0xA*_*xAX 6 erlang list record
例如,我有erlang记录:
-record(state, {clients
}).
我可以从客户字段列表中制作吗?
我可以保留在正常列表中的客户端?如何在此列表中添加一些值?
谢谢.
也许你的意思是:
-module(reclist).
-export([empty_state/0, some_state/0,
add_client/1, del_client/1,
get_clients/1]).
-record(state,
{
clients = [] ::[pos_integer()],
dbname ::char()
}).
empty_state() ->
#state{}.
some_state() ->
#state{
clients = [1,2,3],
dbname = "QA"}.
del_client(Client) ->
S = some_state(),
C = S#state.clients,
S#state{clients = lists:delete(Client, C)}.
add_client(Client) ->
S = some_state(),
C = S#state.clients,
S#state{clients = [Client|C]}.
get_clients(#state{clients = C, dbname = _D}) ->
C.
测试:
1> reclist:empty_state().
{state,[],undefined}
2> reclist:some_state().
{state,[1,2,3],"QA"}
3> reclist:add_client(4).
{state,[4,1,2,3],"QA"}
4> reclist:del_client(2).
{state,[1,3],"QA"}
::[pos_integer()]表示字段的类型是正整数值列表,从1; 开始; dialyzer当它执行类型检查时,它是分析工具的提示.
Erlang还允许您在记录上使用模式匹配:
5> reclist:get_clients(reclist:some_state()).
[1,2,3]
进一步阅读:
@JUST MY正确的OPINION 回答让我记得我喜欢Haskell如何获取数据类型中字段的值.
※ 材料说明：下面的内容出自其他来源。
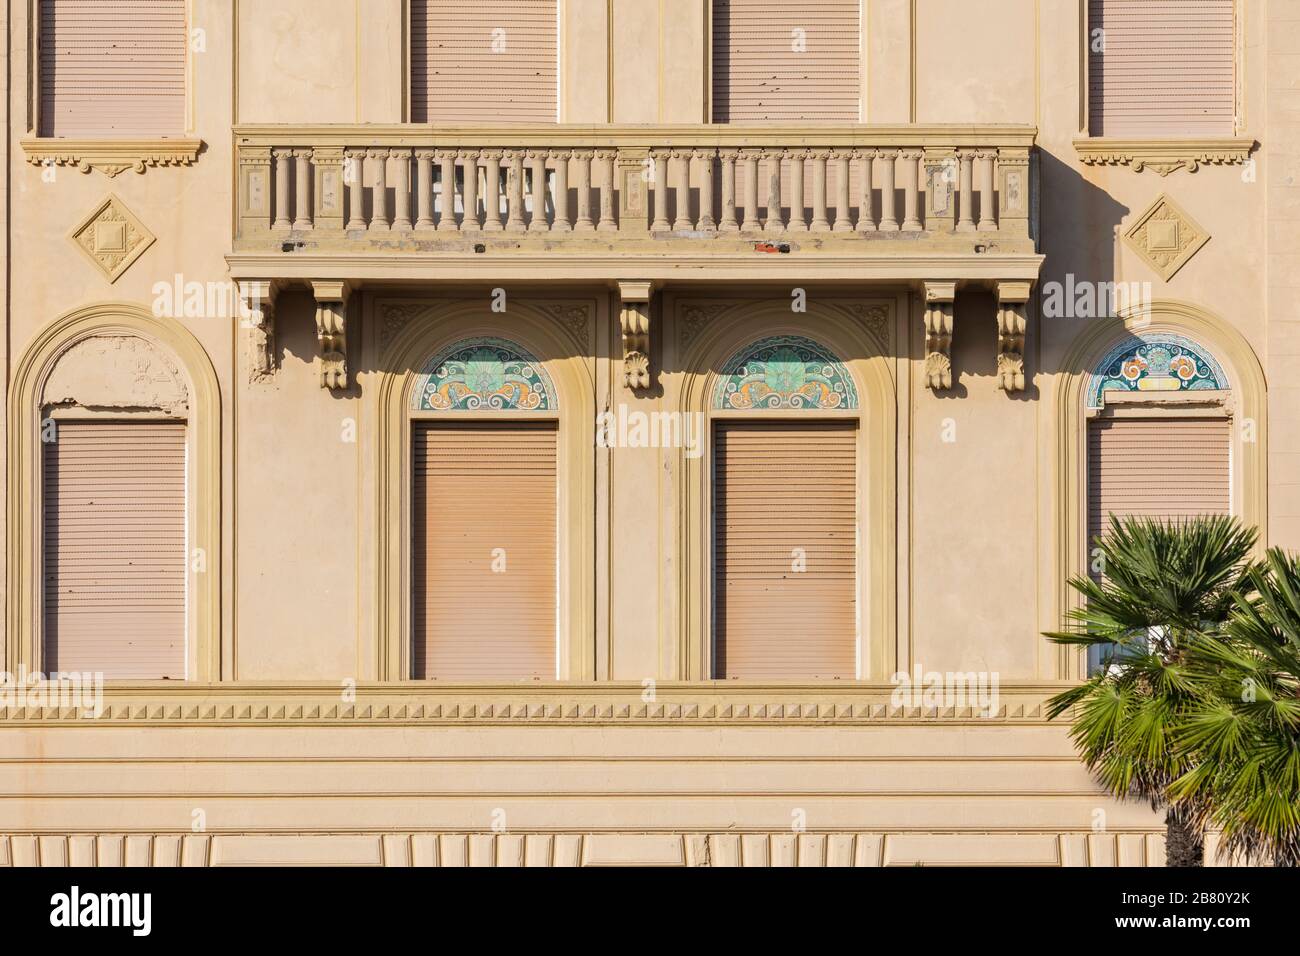 The Grand Hotel Excelsior has a Liberty-Style architectural facade typical in Viareggio, Tuscany, Italy. Stock Photo

这是一个数据类型的定义,从Learn You a Haskell for Great Good中偷走了!,它利用记录语法:
data Car = Car {company :: String
,model :: String
,year :: Int
} deriving (Show)
它创建函数company,model以及year数据类型中的查找字段.我们先制作一辆新车:
ghci> Car "Toyota" "Supra" 2005
Car {company = "Toyota", model = "Supra", year = 2005}
或者,使用记录语法(字段的顺序无关紧要):
ghci> Car {model = "Supra", year = 2005, company = "Toyota"}
Car {company = "Toyota", model = "Supra", year = 2005}
ghci> let supra = Car {model = "Supra", year = 2005, company = "Toyota"}
ghci> year supra
2005
我们甚至可以使用模式匹配:
ghci> let (Car {company = c, model = m, year = y}) = supra
ghci> "This " ++ c ++ " " ++ m ++ " was made in " ++ show y
"This Toyota Supra was made in 2005"
我记得曾尝试在Erlang中实现类似于Haskell的记录语法,但不确定它们是否成功.
一些关于这些尝试的帖子:
看来,LFE使用宏,这是类似于提供方案(球拍,例如),当你想创造一些结构的新的价值:
> (define-struct car (company model year))
> (define supra (make-car "Toyota" "Supra" 2005))
> (car-model supra)
"Supra"
我希望将来我们会有一些接近Haskell记录语法的东西,这实际上非常实用且方便.